Also known as Fortune's Frolic or, The Ploughman Turned Lord, or sometimes referred to as Robin Roughead.

The original text

Originally written as an afterpiece, possibly in one act originally, and first produced as Fortune's Frolic at the Theatre Royal Covent Garden on 25 May 1799, followed by a season at the Drury Lane Theatre, the play enjoyed popularity in England, the USA and the colonies, and the leading character "Robin Roughhead" was played by many celebrated actors.

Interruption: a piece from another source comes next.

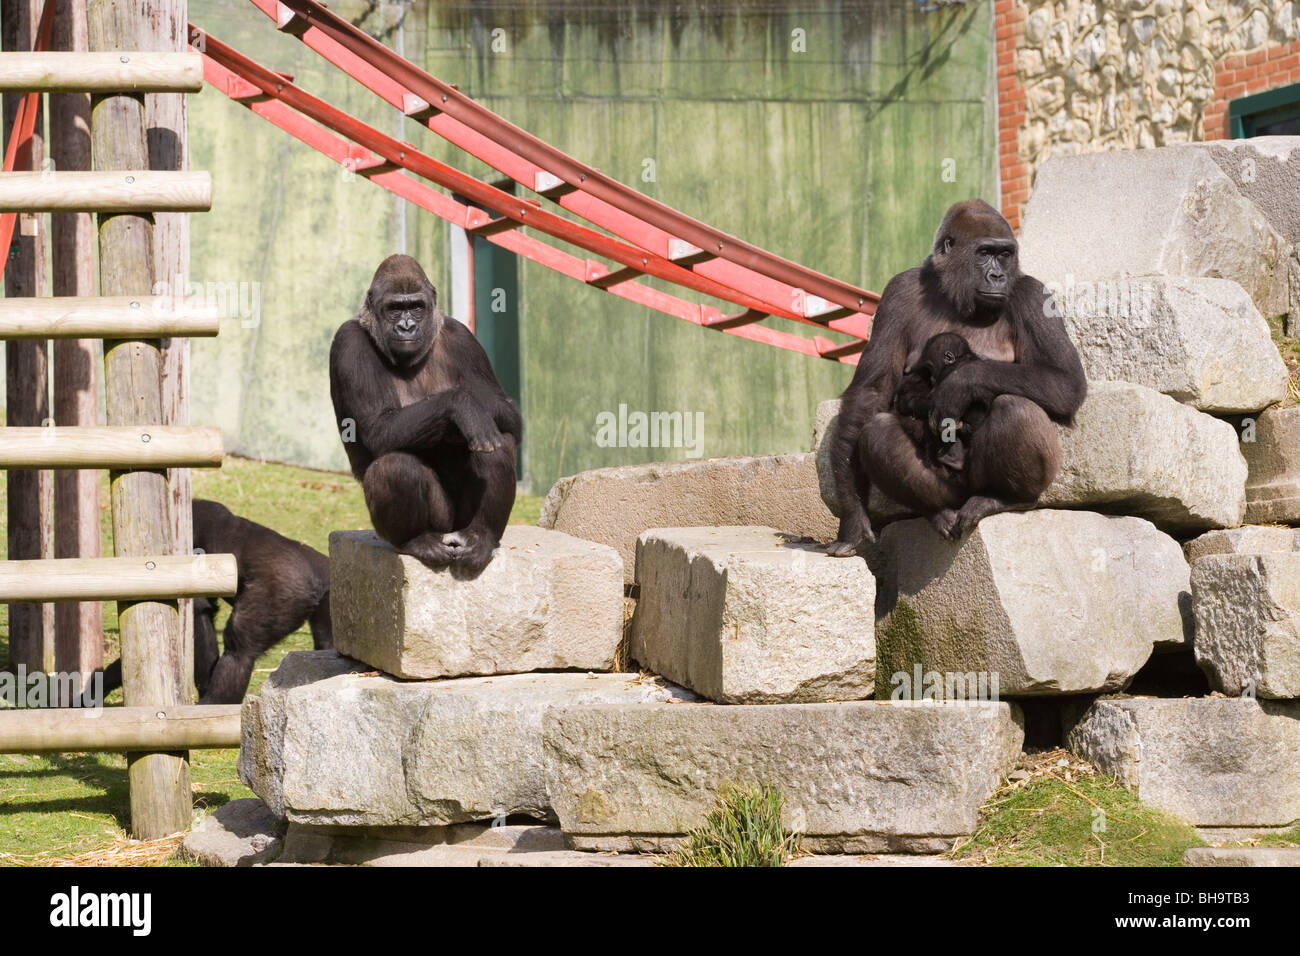 El Gorila Occidental (Gorilla gorilla). Los animales de zoológico medio "mueble" objetos de "enriquecimiento ambiental". Foto de stock

First published in 1799 by N. Kelly, Dublin and by Thomas Hailes Lacy in London. Interestingly, Lacy's illustrated edition is entitled Fortune's Frolic: a farce, in one act[]. However all other editions have it as either "a farce", or later as "a farce in two acts", and they all appear to be the two act version.

The play is usually referred to, and from the first version most often published, simply as Fortune's Frolic. However the fuller title, Fortune's Frolic or, The Ploughman Turned Lord, does appear in various programmes and in later, undated, editions by J. Dicks, and Samuel French for example. The work is apparently also billed as Robin Roughead (after the leading character) in some instances.

The historian F.C.L. Bosman lists the play wrongly in his index and on pages 217 as Fortune's Frolic, or The Ploughman Made Lord in his 1928 publication, possibly citing the producer of the 1831 production, H. Booth, though elsewhere he has the name simply as Fortune's Frolic.

Translations and adaptations

Performance history in South Africa

1815: Presented in English in the African Theatre, Cape Town on 22 July by a "Society of Amateurs", i.e. former members of Mr Cuerton's Company, as an afterpiece to The Mountaineers (Colman). (The plays announced in the Kaapsche Courant in Dutch as De Bergbewoonders and Fortuins Vrolykheid.) The evening is a benefit for Miss Delamore, whom Cuerton had apparently left penniless in Cape Town when he left.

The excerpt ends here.